Top Leader Among Four Killed in Indian-Held Kashmir
SRINAGAR, India, Aug 30 (News Agencies) - Indian security forces have shot dead four Muslim combatants in Kashmir, including a commander of the Lashkar-e-Taiba group, an army spokesman said Thursday.
Local commander Abu Hamza was killed at Charkut, about 100 kilometers (62 miles) north of the state's summer capital Srinagar, he said.
The spokesman said Hamza was originally from Pakistan-administered Kashmir and had carried out many attacks on Indian security forces.

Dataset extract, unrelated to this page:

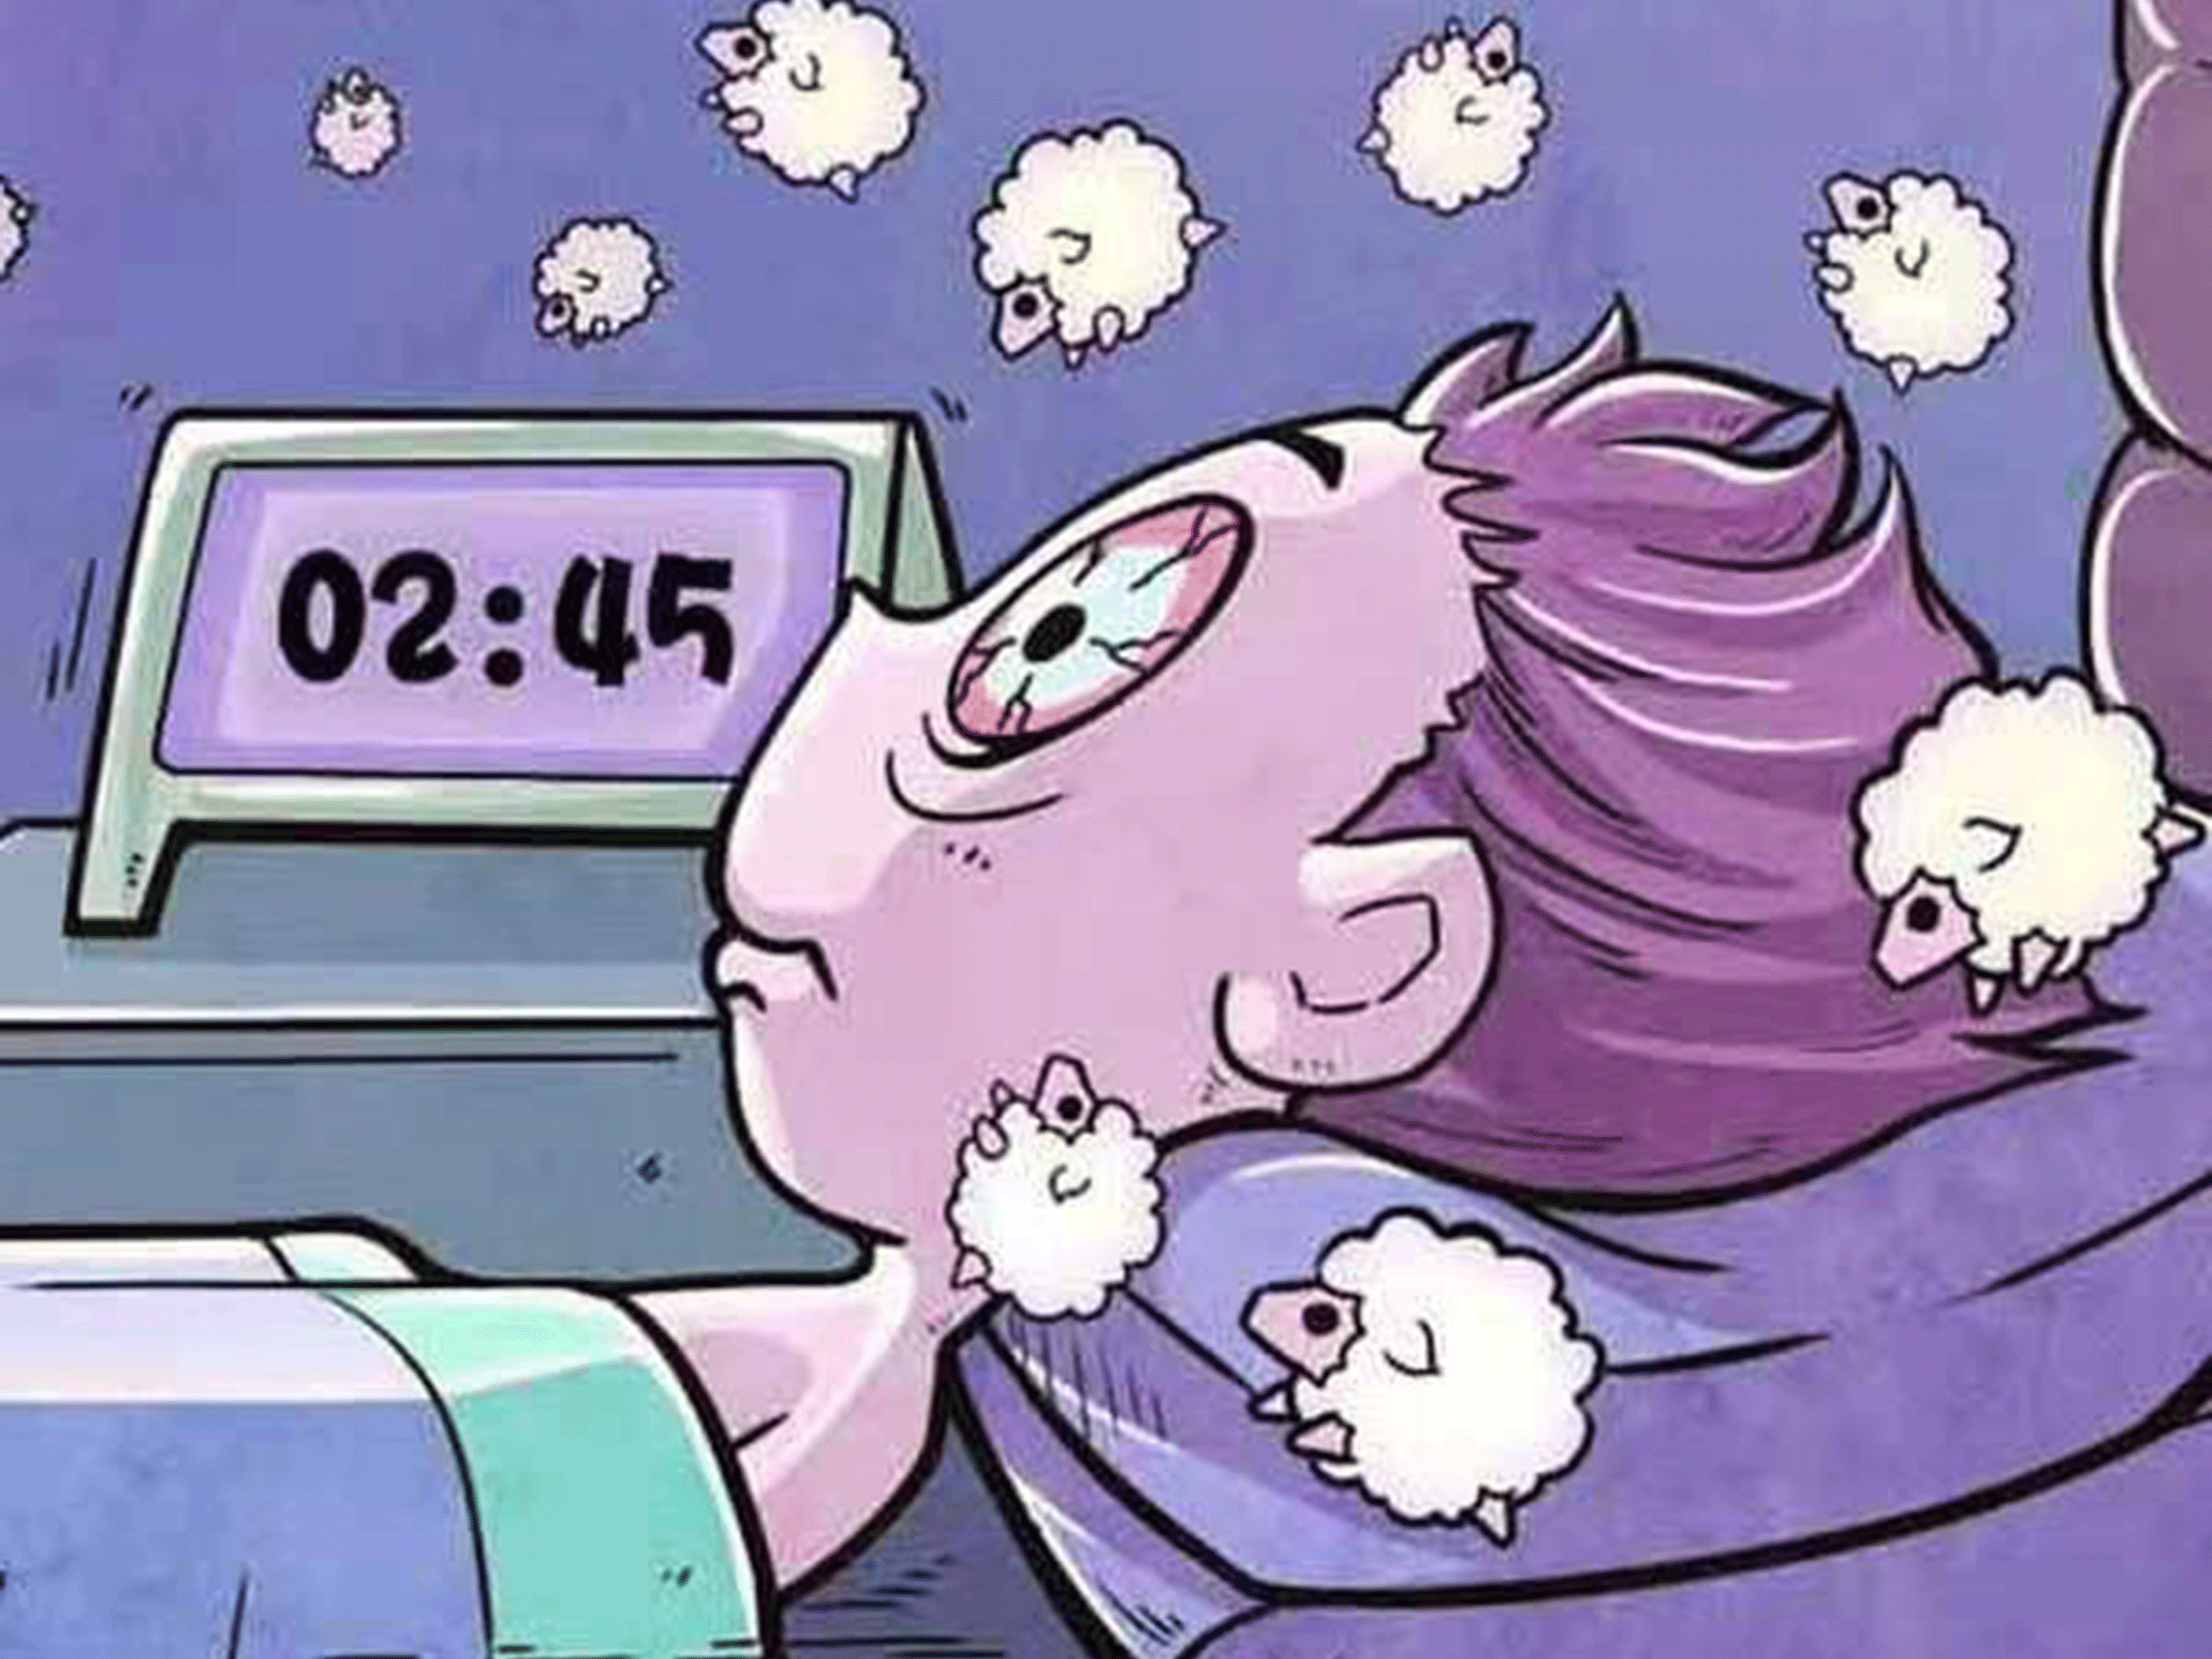 睡眠障碍症卡通图片

Another Kashmiri fighter was shot dead after he crossed over the Line of Control - the de facto border that divides Kashmir between India and Pakistan - into the Indian side in the northern district of Baramulla.
Two more Kashmiris have been killed in Budgam and Baramulla districts since Wednesday evening, the army spokesman said.
Indian forces in Kashmir have killed a total of 1,059 Muslim fighters from the beginning of the year to August 15th, and 605 of those were from Pakistan or other Muslim countries, he said.
A defense spokesman said Pakistan had intensified shelling in the Baramulla district in the past 24 hours.
"Pakistani troops have been resorting to artillery firing on Indian positions since Wednesday," the spokesman said.
"Their aim is to push in more and more militants ahead of heavy snowfall which cuts off the passes through which they enter India," he added.
The conflict in Kashmir has claimed at least 35,000 lives since 1989.
India and Pakistan have fought three wars, two of them over Kashmir, since independence from Britain in 1947.
New Delhi accuses Pakistan of aiding and abetting "cross-border terrorism" in Kashmir by giving training and arms to Kashmiris seeking self-determination.
Islamabad rejects the allegation, saying it only extends "moral and diplomatic" support to those who are fighting an "indigenous war of independence".